JMRL 11.03.2019: Acho a teoria de RT um pouco deslocada, construída para dizer mal da direita maléfica. Dizer que havia portugueses ou italianos na expedição para justificar que não era espanhola... Também o Infante D. Henrique ou D. João II recorreram a cartógrafos italianos, Vasco da Gama empregou um comandante nativo na costa oriental de África, e não é por isso que os "Descobrimentos Portugueses" (desculpas para os amantes do politicamente correcto que não gostaram do nome do Museu) deixam de o ser. A viagem de Magalhães (e de Elcano que nós portugueses gostamos de não referir) é um momento único na História Universal que deveria ser celebrado sem estes preciosismos "bacocos", quer da Academia Espanhola (e alguém considera o ABC um exemplo de objectividade?), quer de "lusitanismo ofendido".

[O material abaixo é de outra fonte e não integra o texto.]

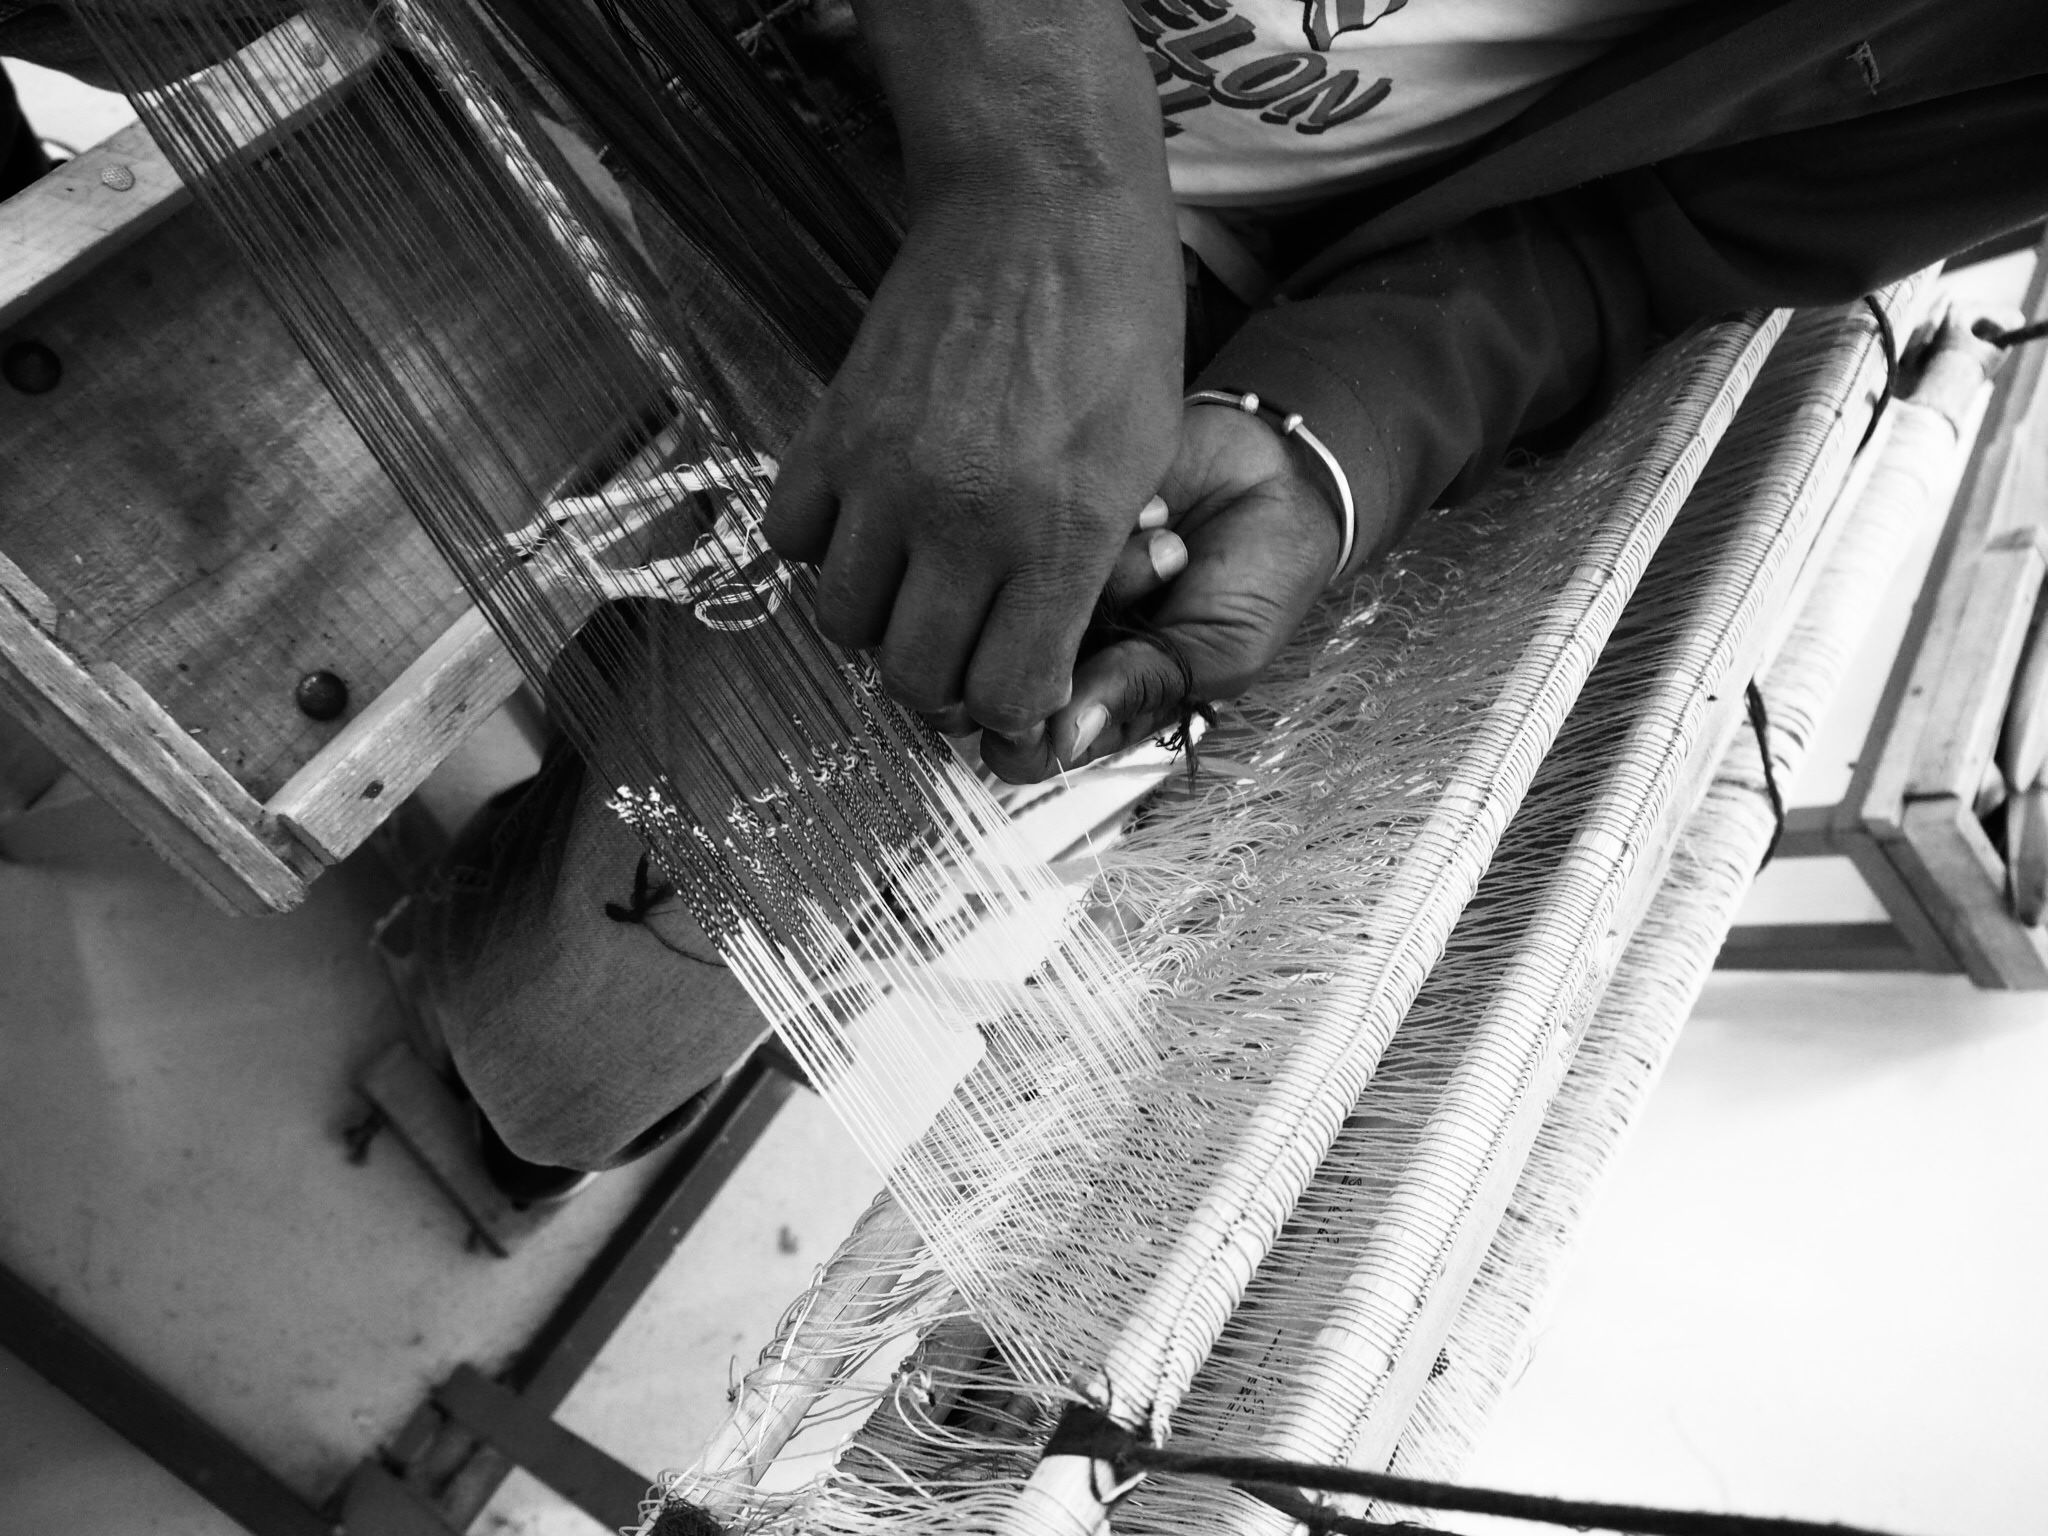 Sera Helsinki Artisan Dyeing Thread Used in Towel Making

jose,11.03.2019: Nunca é o próprio a contar a história em que participa até por falta de distanciamento histórico. Esta provocação dos castelhanos à história não ficará na história. A primeira consideração obrigatória em nome da exactidão é sabermos todos que não há Espanha, nem Espanhol como língua. Tudo o que contém na sua designação a palavra Espanha é falso. Existe o Reino de Castela que usurpou, passando por cima de milhões de cadáveres, os povos catalães, bascos, galgos, andaluzes, baleares e os canários. Tentou o mesmo com Portugal e foi derrotado pela Restauração de 1640 que se prolongou por mais de 28 anos de batalhas sangrentas. Espanha é o nome dado a um reino imperial colonialista que à margem do Tratado de Alcanizes tem a pata nas terras portuguesas de Olivença, agride de vez em quando as ilhas selvagens portuguesas, destrata Portugal nos caudais dos rios internacionais e põe Portugal perante factos consumados na Nuclear de Almaraz e em tudo o que pode.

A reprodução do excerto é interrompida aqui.